- [Task to complete]: Give again, exactly as written, each line of the material below starting at the line that contains "장수군 농민회 성명002.jpg" and ending at the line that contains "打倒ハスラー! ダイハツの新型軽自動車がカッコいい! 東京オートサロン2020リポート【第2弾:ダイハツ". Both ends count, and no other line does.

- [Provided data]:
# # # #

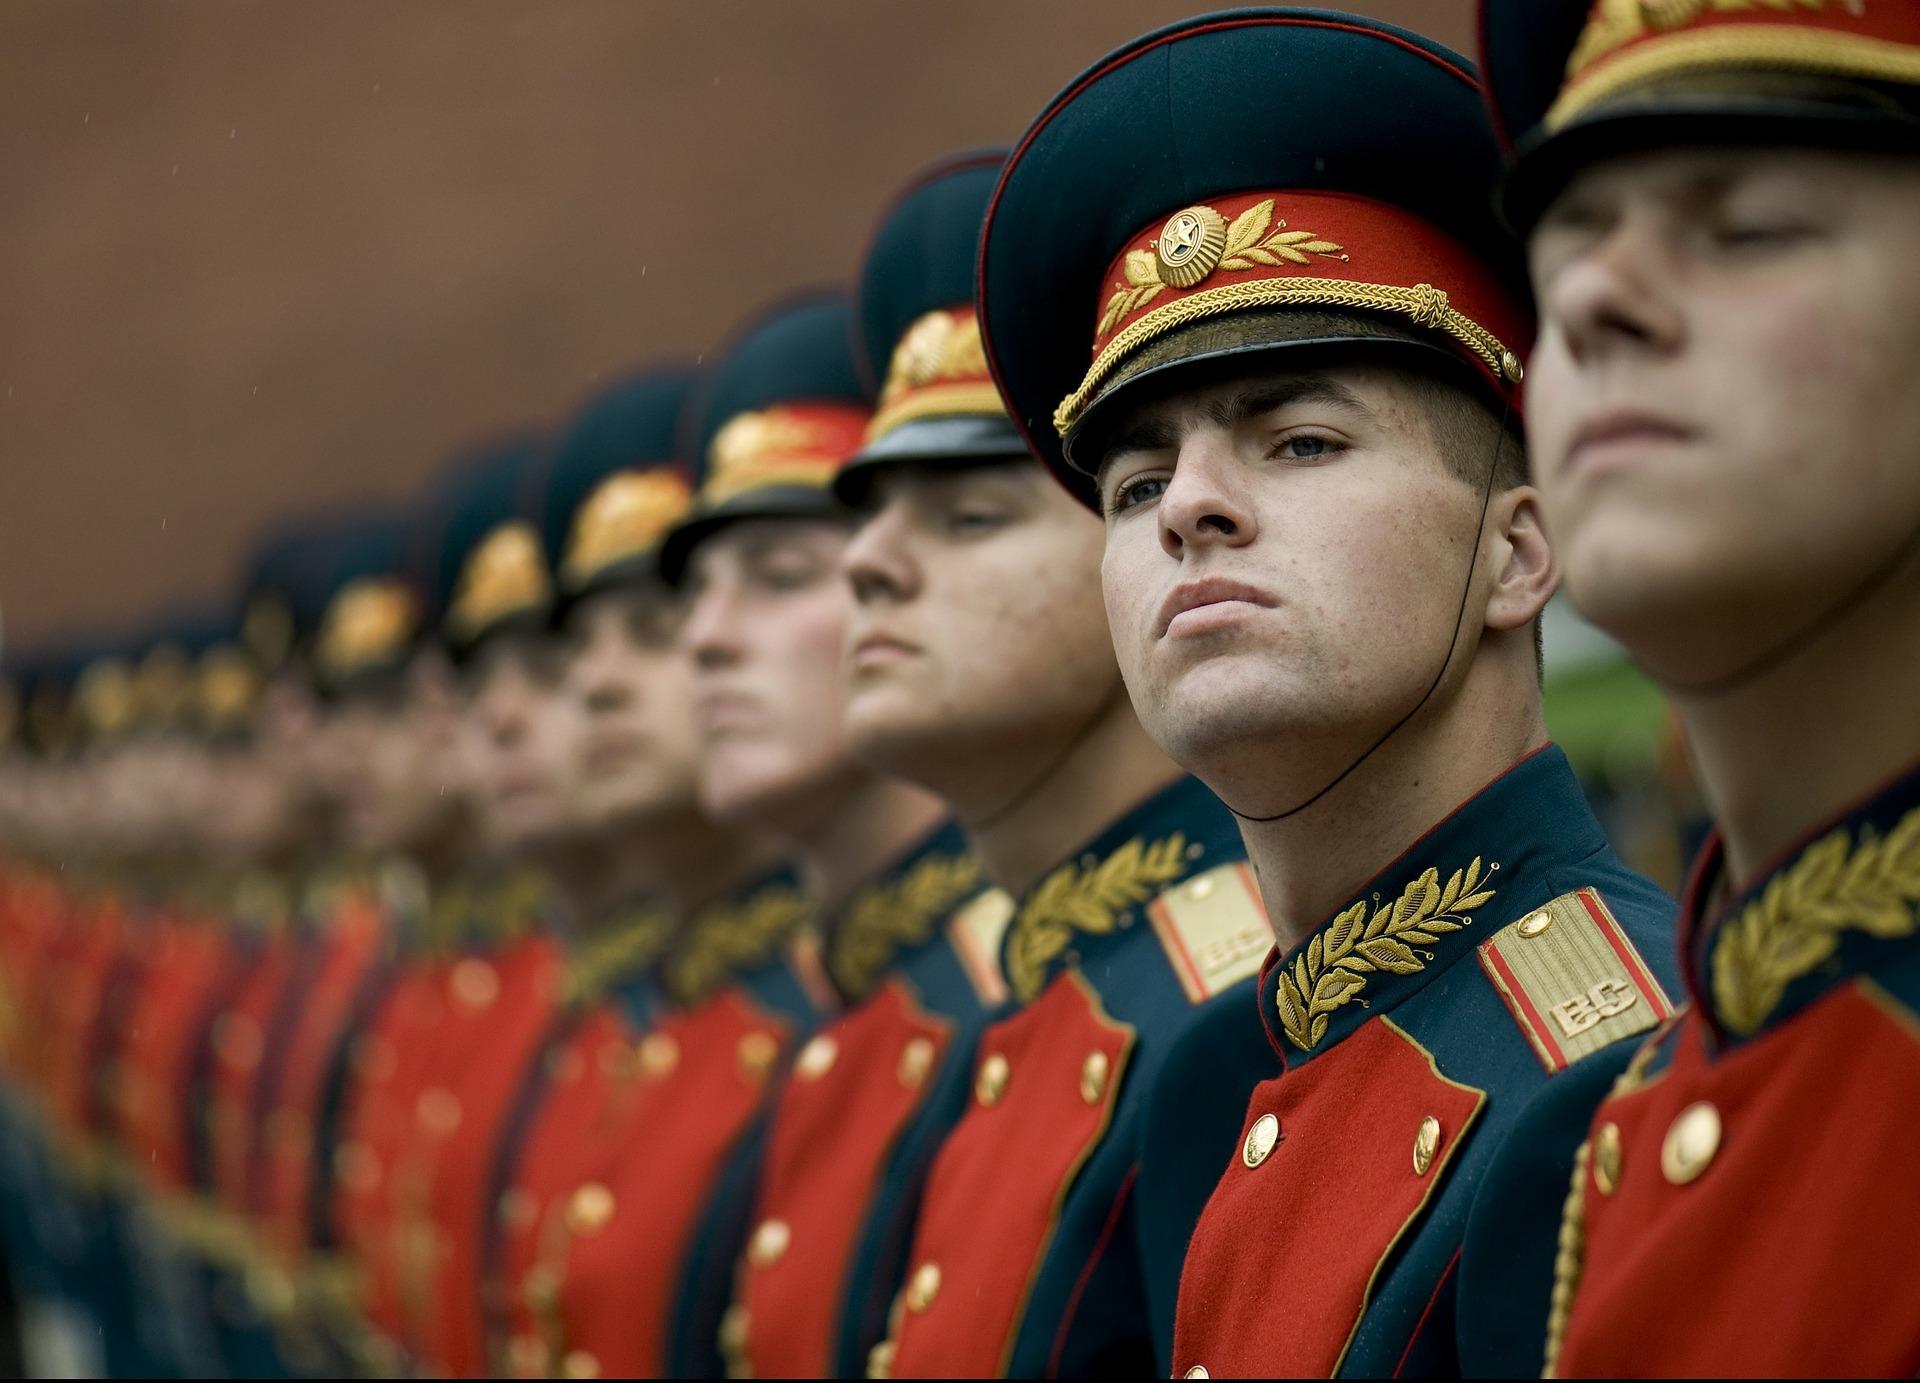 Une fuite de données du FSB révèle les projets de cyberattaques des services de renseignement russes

# # # #

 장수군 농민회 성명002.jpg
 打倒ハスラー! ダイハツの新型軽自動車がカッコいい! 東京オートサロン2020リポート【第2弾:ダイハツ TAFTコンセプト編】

# # # #

- [Answer to the problem]:
 장수군 농민회 성명002.jpg
 打倒ハスラー! ダイハツの新型軽自動車がカッコいい! 東京オートサロン2020リポート【第2弾:ダイハツ TAFTコンセプト編】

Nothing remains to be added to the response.